**DATA SEGMENT**
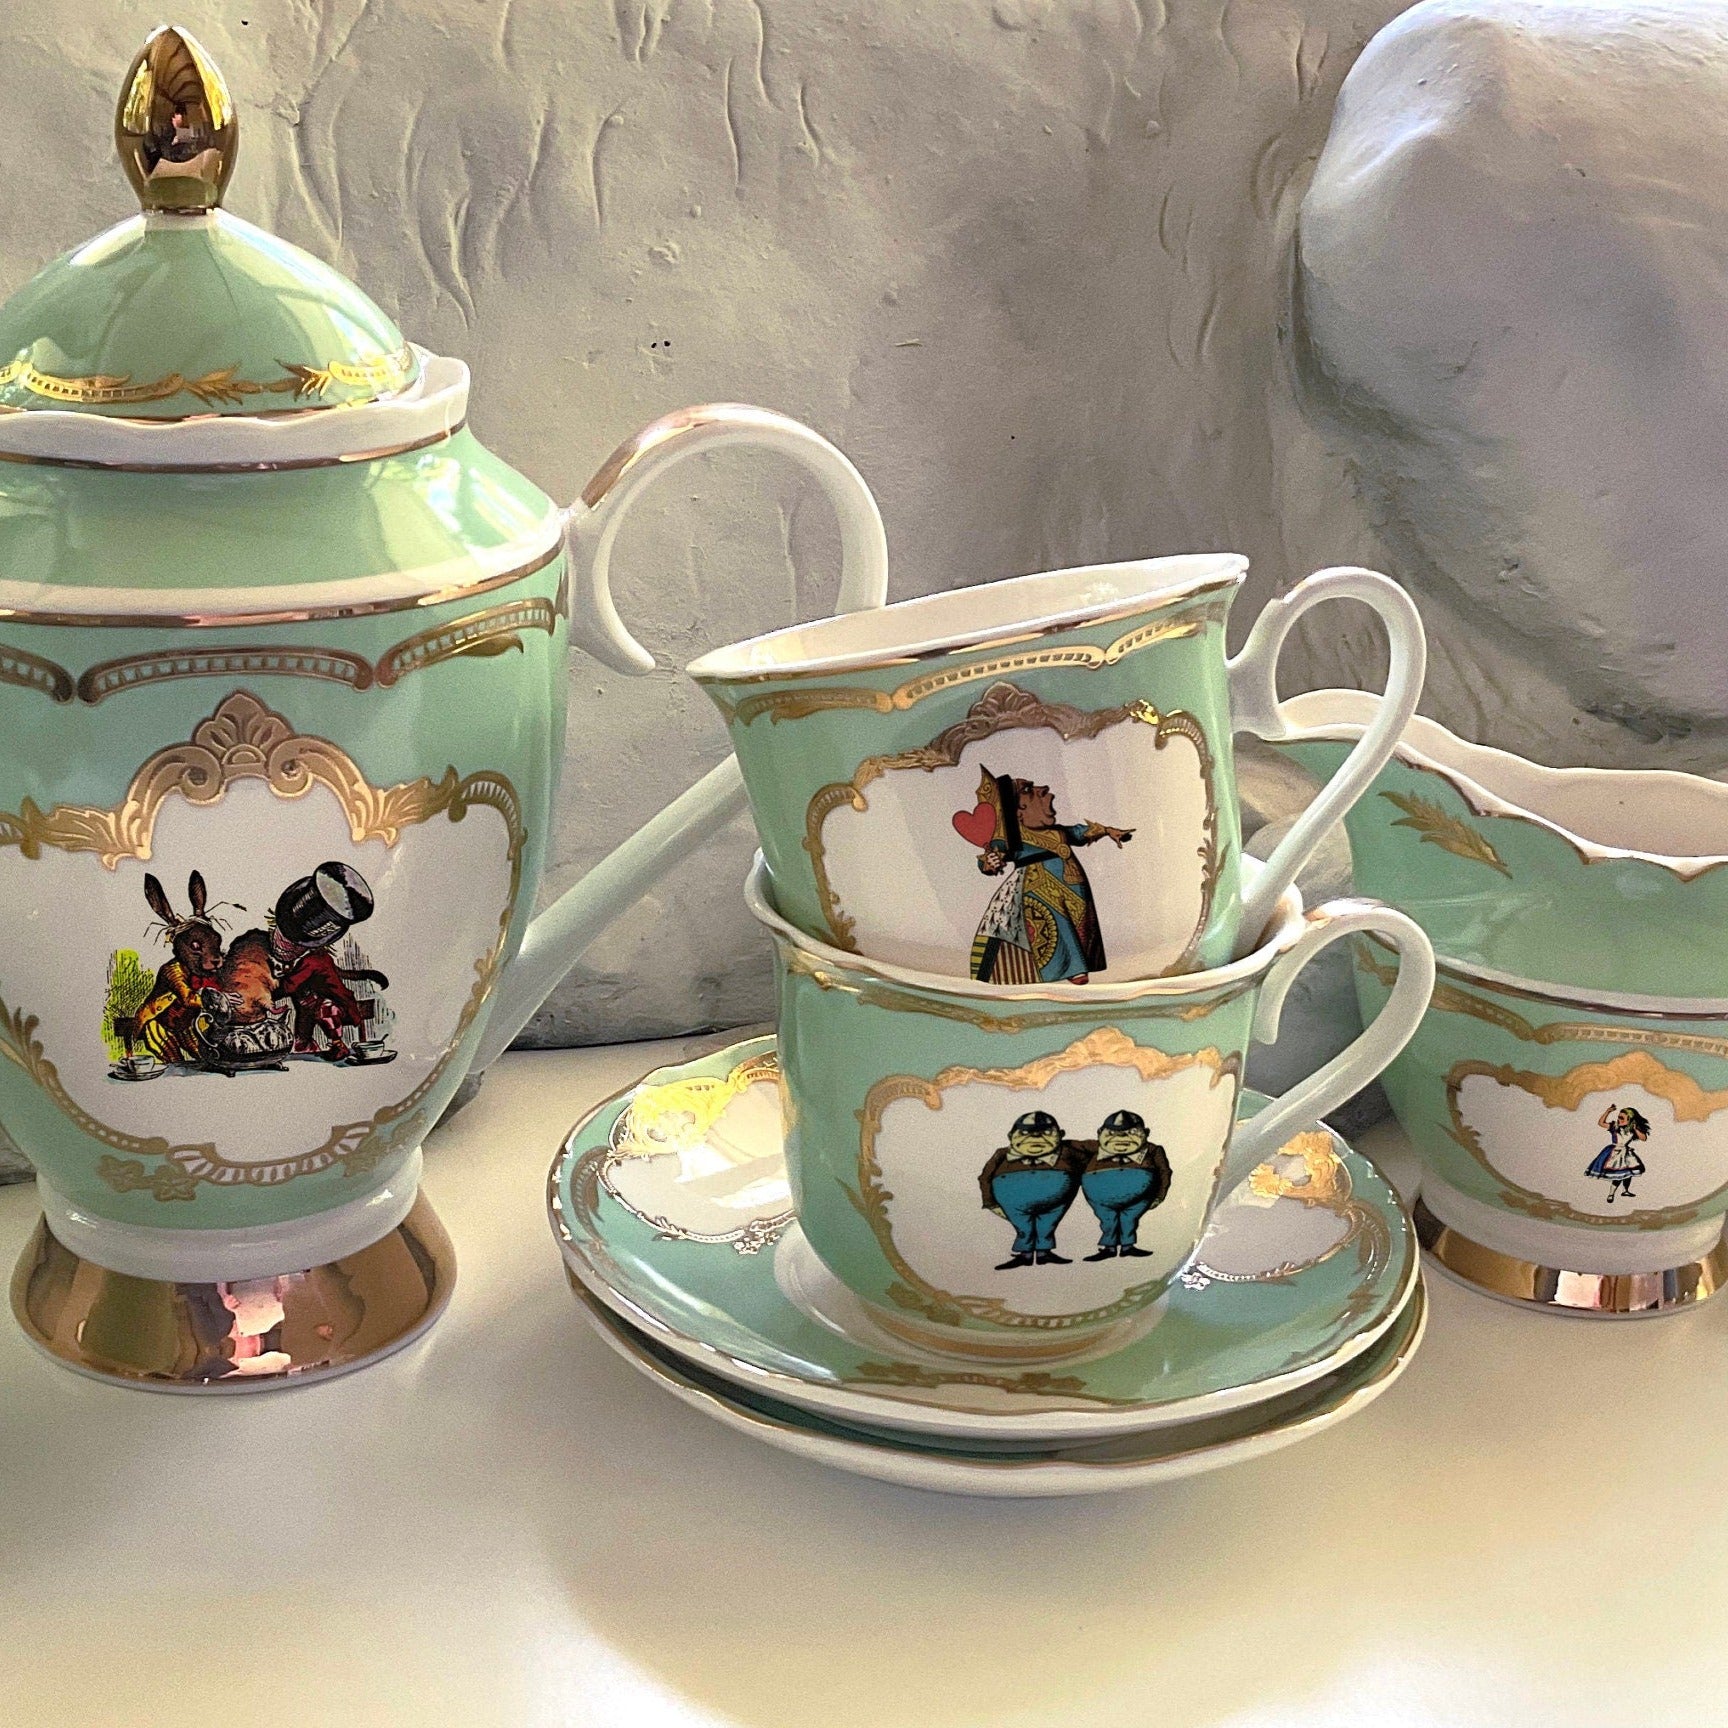 8 Piece Kitchen Set with Alice in Wonderland Custom Etchings by
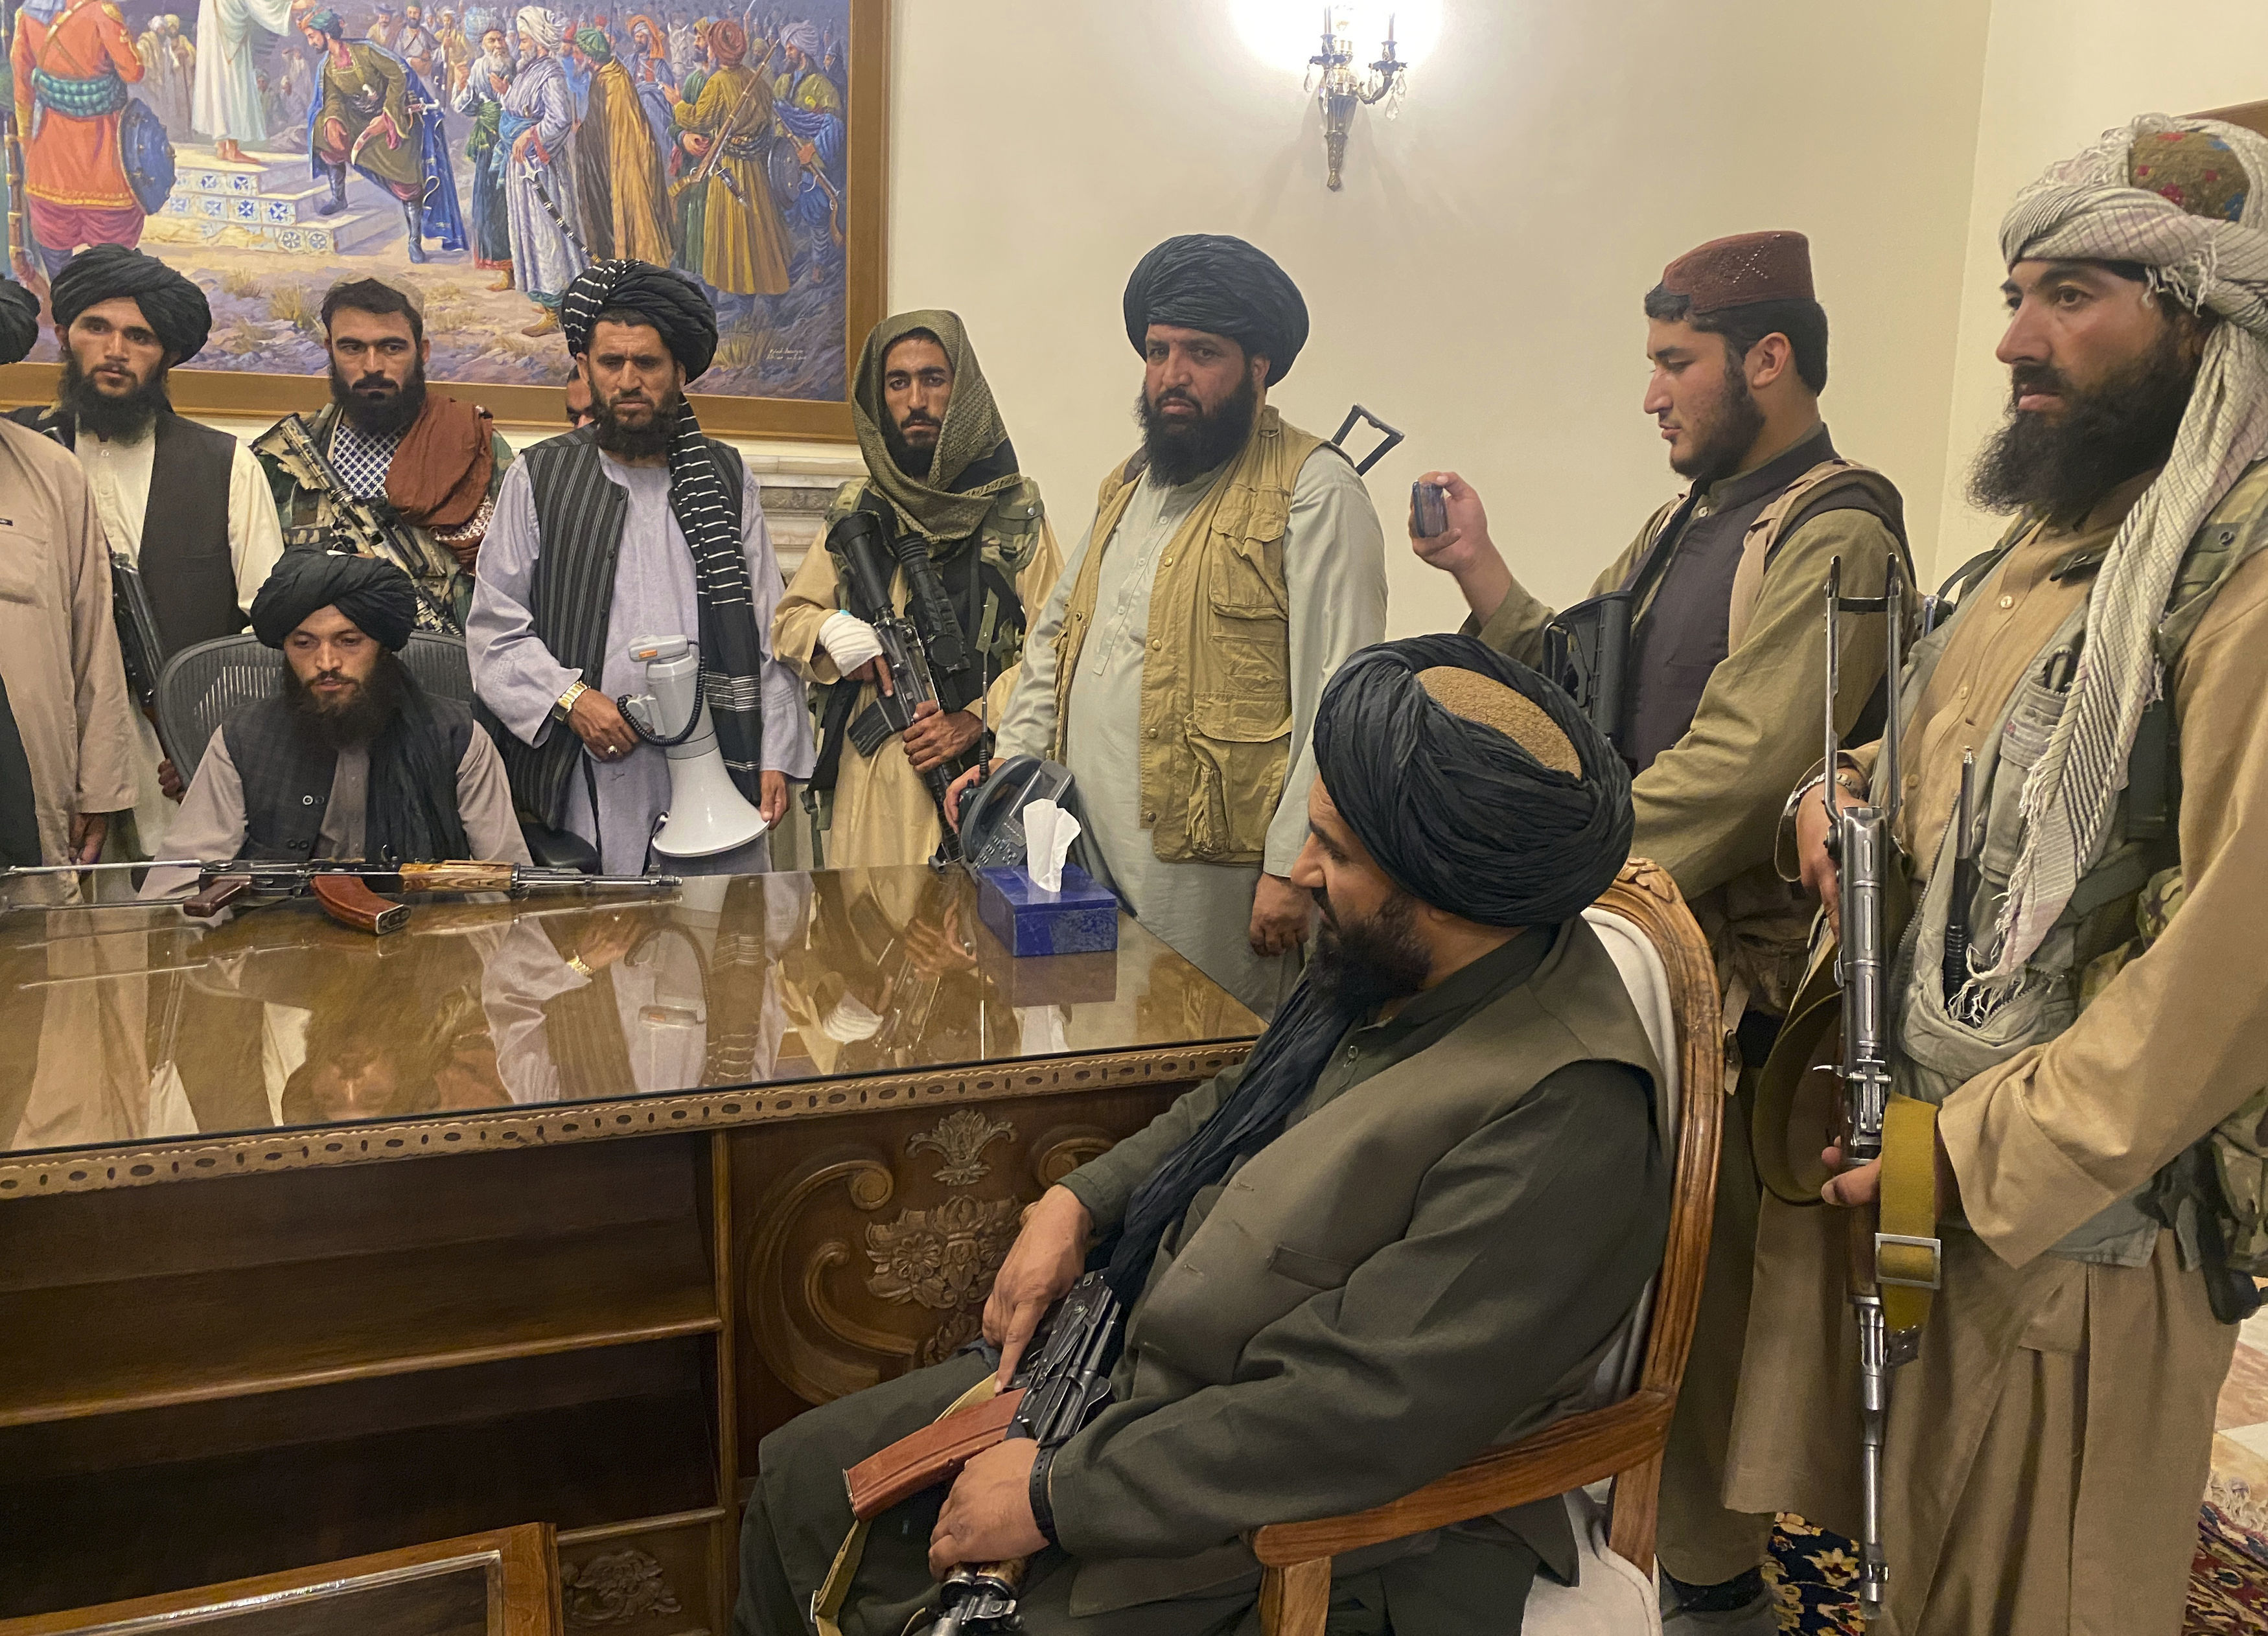 Taliban fighters take control of Afghan presidential palace after the Afghan President Ashraf Ghani fled the country, in Kabul, Afghanistan (Zabi Karimi/AP)
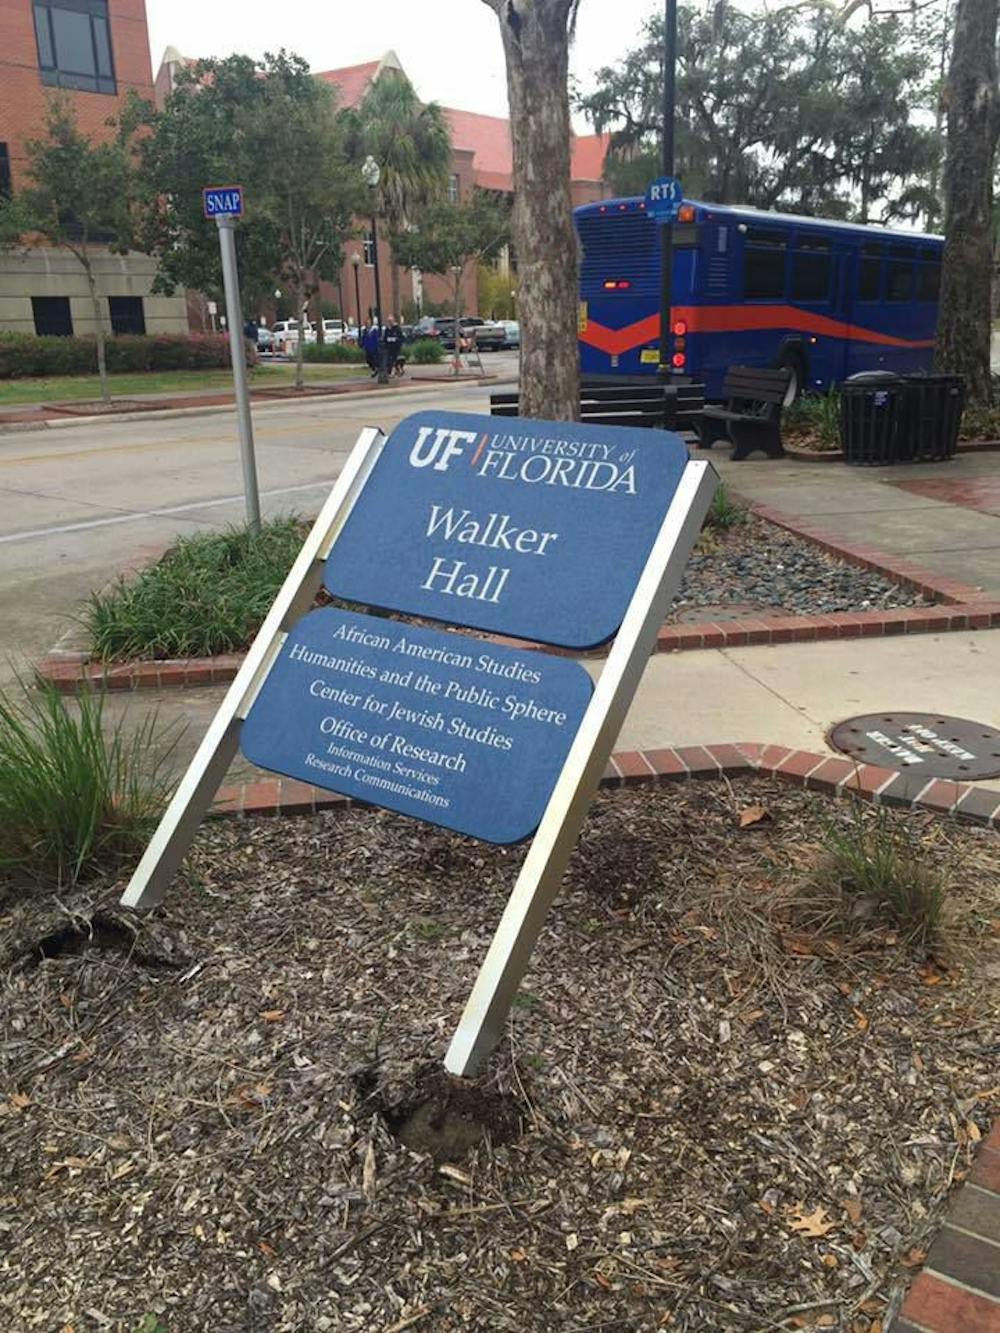 <p>The sign for Walker Hall, which houses the African American Studies department and the Center for Jewish Studies, was found uprooted Wednesday.</p>
<p><span>&nbsp;</span></p>

**WORK TASK**
Leaving the pictures out, print every line of the listing exactly.

**EXERCISE RESULT**
 8 Piece Kitchen Set with Alice in Wonderland Custom Etchings by
 Taliban fighters take control of Afghan presidential palace after the Afghan President Ashraf Ghani fled the country, in Kabul, Afghanistan (Zabi Karimi/AP)
 <p>The sign for Walker Hall, which houses the African American Studies department and the Center for Jewish Studies, was found uprooted Wednesday.</p>
<p><span>&nbsp;</span></p>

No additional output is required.